Kibaki and Odinga, who claims he was robbed of the presidency, have blamed each other for the deadlock that has heightened anxiety among Kenyans still reeling from the post-election violence.

Future prime minister Odinga has accused Kibaki's Party of National Unity (PNU) of taking a hardline position at the talks, started on March 17, on the implementation of the February 28 deal.

Odinga said Monday he recieved a letter from the Kibaki camp insisting that "the constitution grants the president exclusive executive powers to run his country on his own and that his powers supersede the provisions of the (power-sharing) accord."

"There was no point in meeting today to conclude discussions on the cabinet formation and constitution of the government," Odinga told a news conference.

He also said the two sides had been unable to reach an agreemement in six hours of talks on Sunday.

"I indicated that we had reached our irreducible minimum. The response to our magnanimity from the other side has been to retract every agreement that we have finalised," he said.

Kibaki, meanwhile, heaped blame on Odinga for refusing to attend Monday's meeting despite the fact they had agreed to resolve the outstanding issues by then.

"I was ... suprised to recieve a letter this morning with new preconditions and ultimatums which are clearly not envisaged by the National Accord and Reconciliation Act," said Kibaki, who had called off a trip to an India-Africa summit in New Delhi.

Speaking at a news conference he invited Odinga to "engage constructively."

For his part, the ODM leader said he was still committed to talks with Kibaki.

"There is room for resolution of our differences between us. It requires the other side to come out and exhibit magnanimity and cooperation. They must see that the existence of this country is at stake and they need to walk an extra mile to meet us," Odinga said.

Odinga demanded Kibaki dissolve his current cabinet, which he formed shortly after he won the contested elections.

Meanwhile, with thousands still living in displacement camps across the country after being forced from their homes in post-election clashes, aid groups appealed for plastic tents, warning that the current rainy season would worsen conditions.

At least 1,500 people were killed and hundreds of thousands displaced in the violence that also choked the east African nation's mainstay tourism and agricultural sectors.

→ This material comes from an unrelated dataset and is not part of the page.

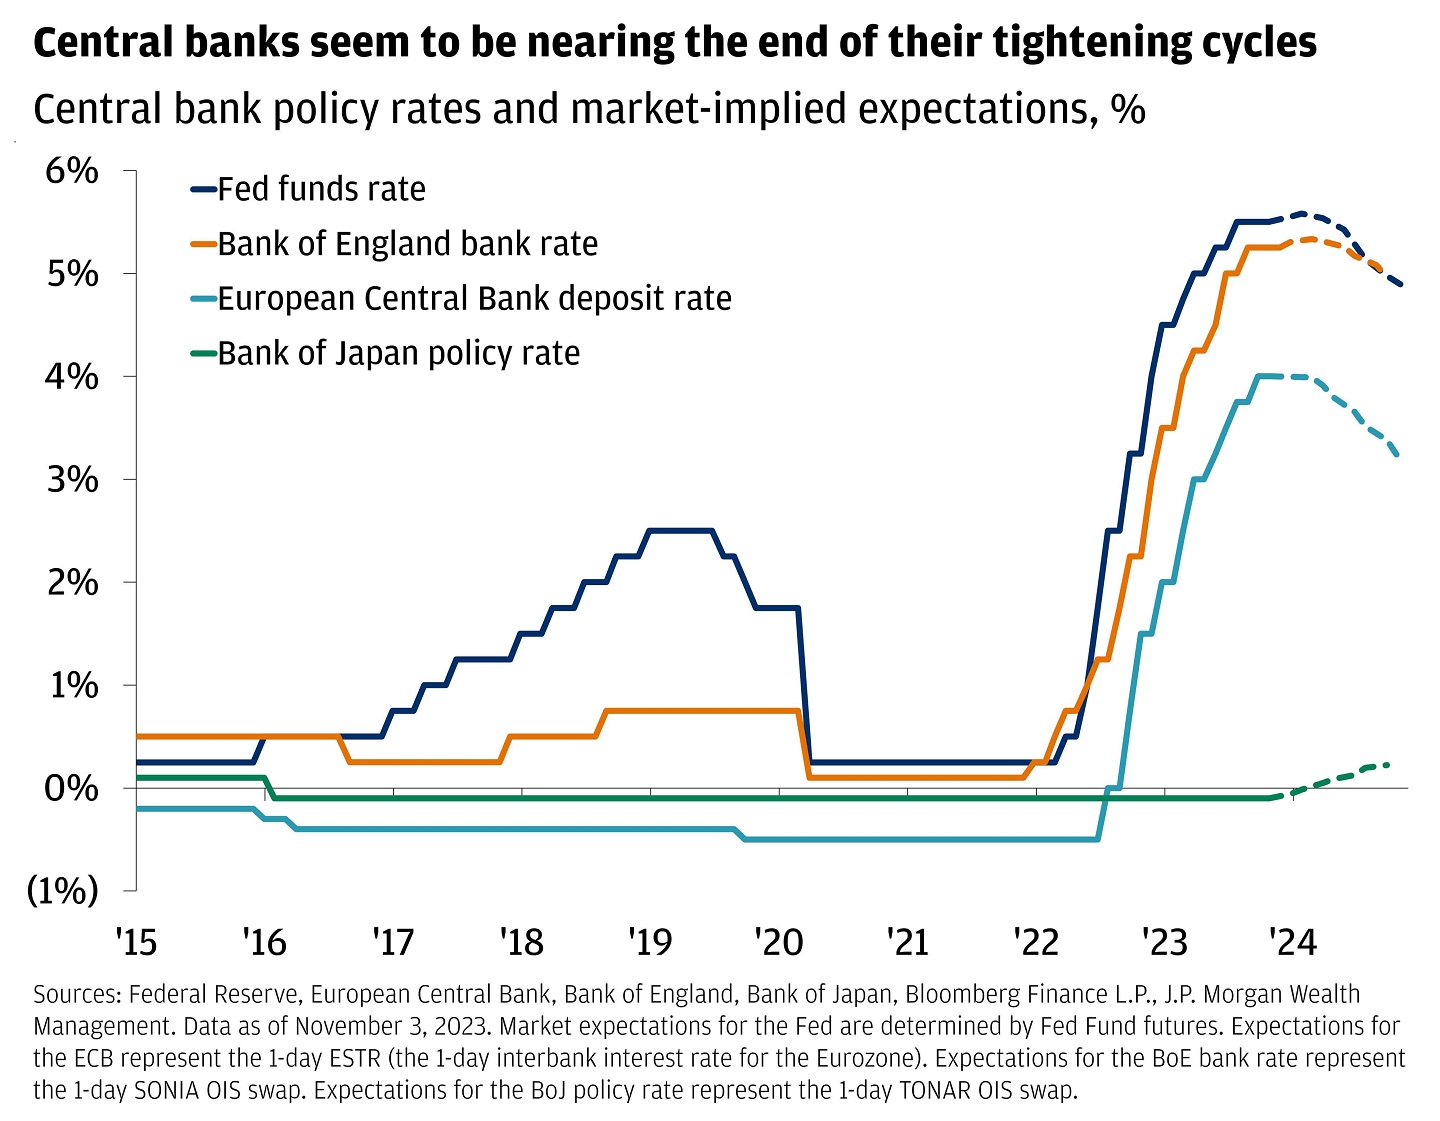 The line graph shows the historical and implied policy rates across 4 central banks: the Federal Reserve, the Bank of England, the European Central Bank, and the Bank of Japan.
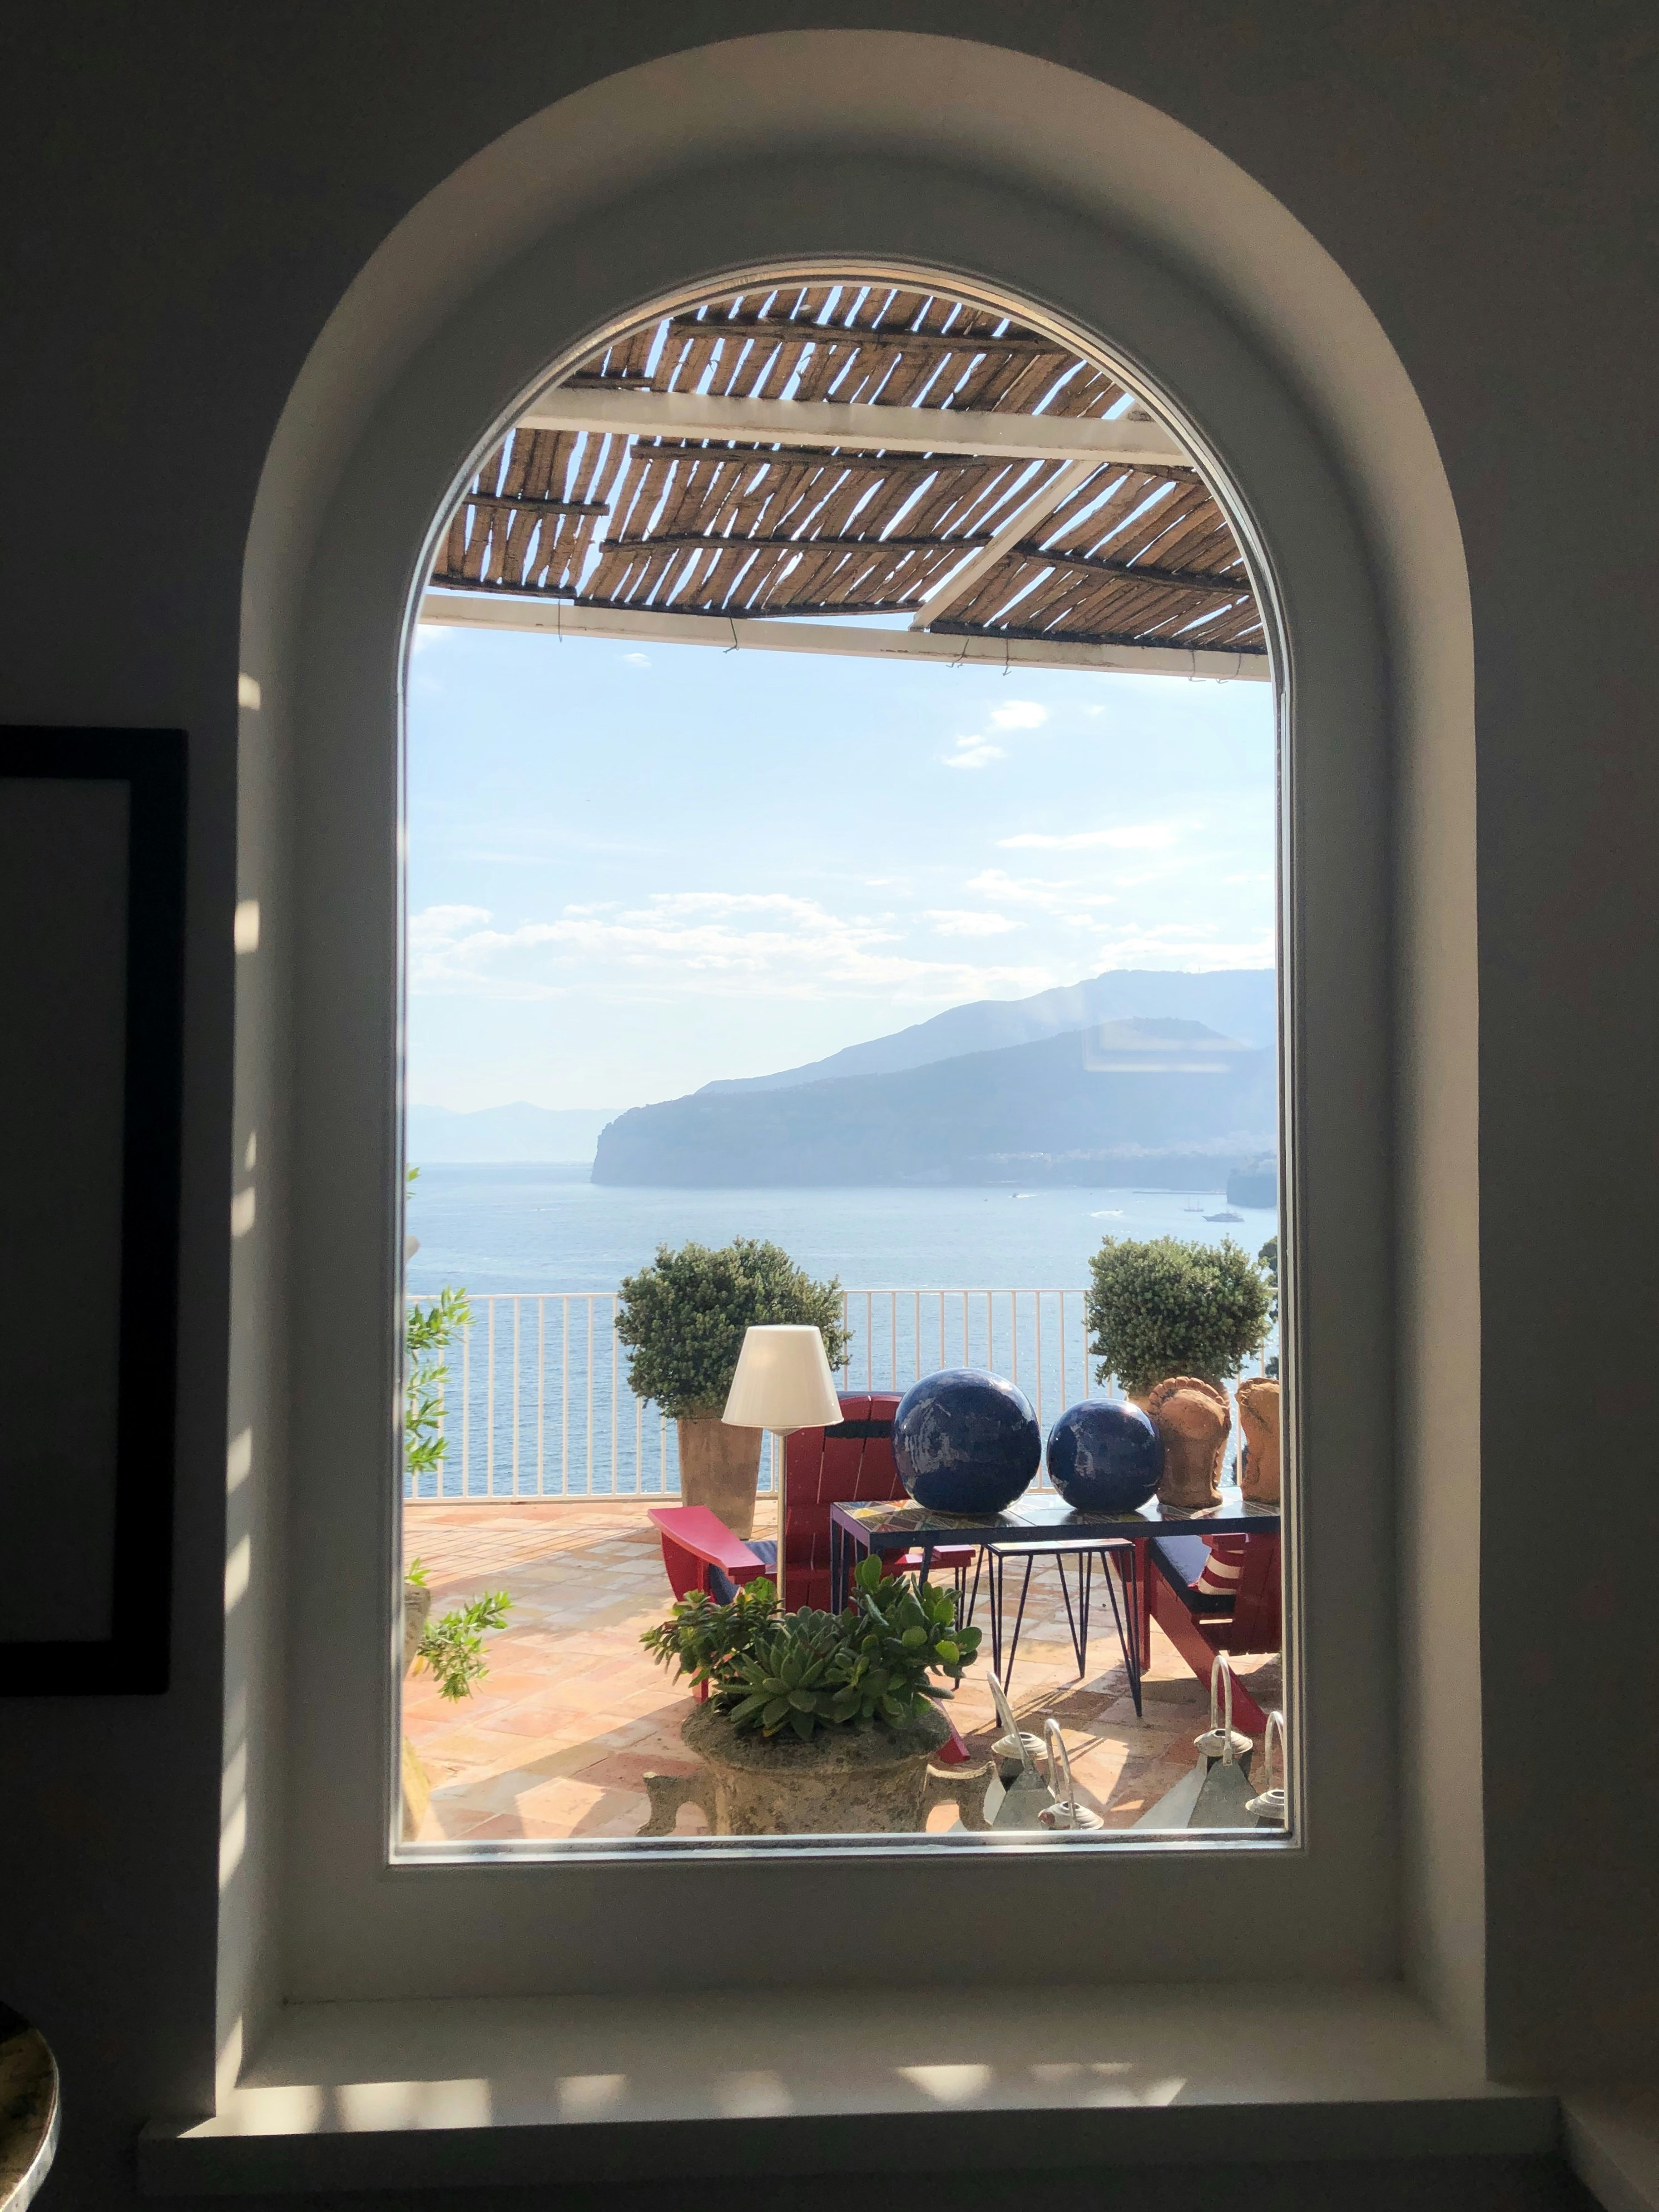 great photo recipe,how to photograph frame within a frame. the beautiful maison la minervetta sorrento italy.  ; 2 person sitting on chair near window during daytime

An outbreak of cholera was on Monday reported to have killed five people in a displaced people's camp in Naivasha, 90 kilometres (55 miles) northwest of the capital.

Meanwhile, church and civil groups have threatened mass action if Kenya's rival leaders fail to reduce the new cabinet to 24 members, arguing the country could ill afford a bloated government.

The ODM and the PNU have agreed to form a 40-member cabinet.

According to independent watchdogs, the average cost of running a ministry in Kenya is around eight billion shillings (130 million dollars) a year.